Подобно русскому былинному эпосу, русская сцена имеет своего Илью Муромца — Павла Степановича Мочалова. Разобраться в мочаловской легенде не так легко, как кажется, тем более что фактические материалы, относящиеся к детским и юношеским годам П. С. Мочалова, крайне скудны. У нас, думается, есть некоторый ключ к пониманию среды, в которой жил и развивался Мочалов, и, быть может, также к уяснению его внутреннего мира. Это — Островский, с его картинами Замоскворечья, его галереей разночинных московских людей, одним-двумя поколениями старше Мочалова, но {62} являющихся плотью от плоти и костью от кости Мочаловых. Мочалов не только глубоко русский, — он глубоко московский. И характер, и дарование его, и судьба, и вся нескладица, чересполосица его души — все это в высшей степени московское, русское, нутряное, «островское». И «романтизм» Мочалова, о чем беспрестанно пишет А. Григорьев[6], следует понимать совсем не так, как принято понимать романтизм в немецкой, тем паче французской его транскрипции: «И мантии блеск, и на шляпе перо, и чувства — все было прекрасно». Этот романтизм — того особого рода, к которому принадлежит «Бедность не порок»: Любим Торцов — пьяный, но благородный герой, которому дайте шире дорогу, Митя, Разлюляев с гармоникой, Капитоша Брусков — «В чужом пиру похмелье» — все они приходят на память.

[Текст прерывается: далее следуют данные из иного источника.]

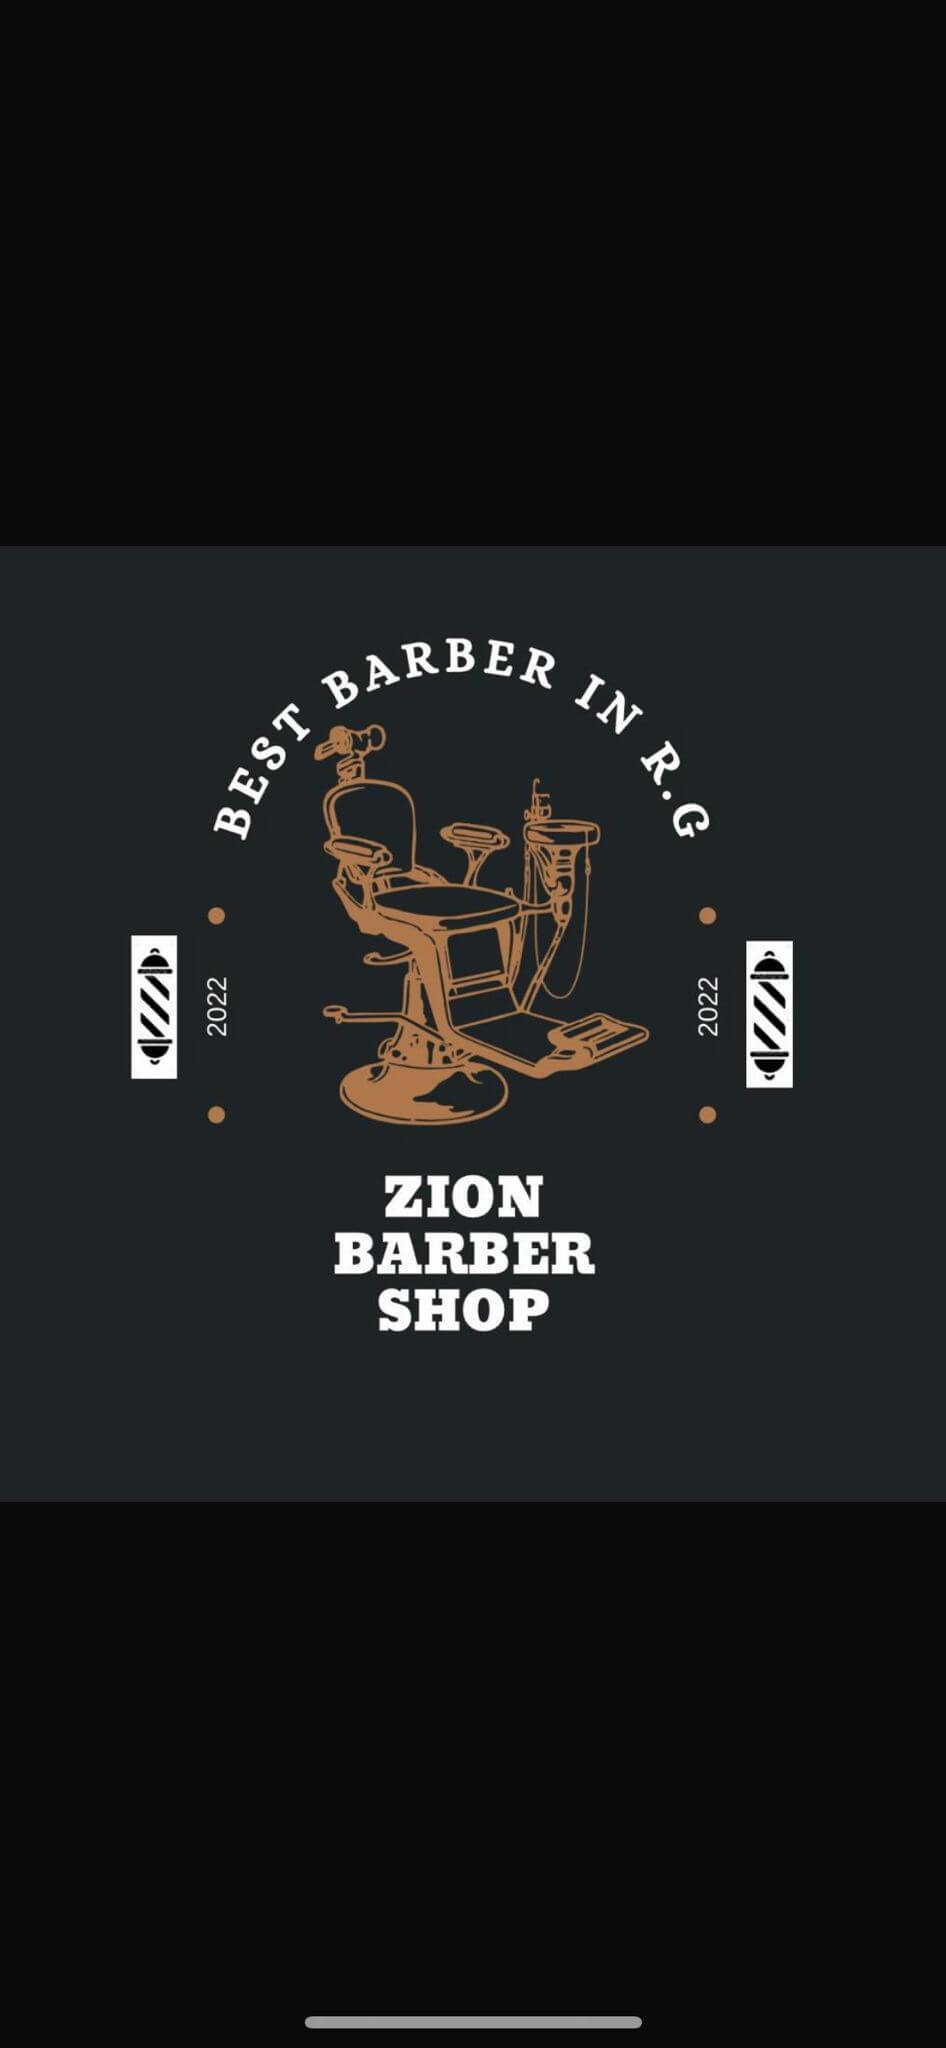 Zion barber shop | lee

«Лев ушел из клетки, бык сорвался с бойни и упокойники в гробах спасибо скажут, что умерли».

Молчаливый, как какая-нибудь красная девица Любовь Гордеевна, Мочалов вызывающе груб во хмелю. Посетитель литературной кофейни, он дичится общества и спешит уйти, чтобы не быть замеченным. Но он становится надменен, как испанский гранд, когда вино ударяет в голову, и груб, как извозчик.

«На одной станции, где-то под Орлом, остановились переменить лошадей против кабака. Оттуда несся шум, гам, и сестра услышала голос Мочалова: он был пьян и бушевал с мужиками. Я сквозь сон слышала, что сестра порывалась идти к нему, но муж ее не пускал. Сестра настояла на своем, пошла туда, но успокоить Мочалова ей не удалось» (воспоминания А. И. Шуберт[7]).

В воспоминаниях П. М. Медведева[8] находим также один штрих, врезавшийся в память мальчику. Медведев жил у дяди-режиссера, Силы Кротова. И вот в памяти мальчика сохранился образ Мочалова, взбегающего {63} в расстегнутой шубе по лестнице и орущего что есть мочи: «Сила! Водки!» Только и всех воспоминаний.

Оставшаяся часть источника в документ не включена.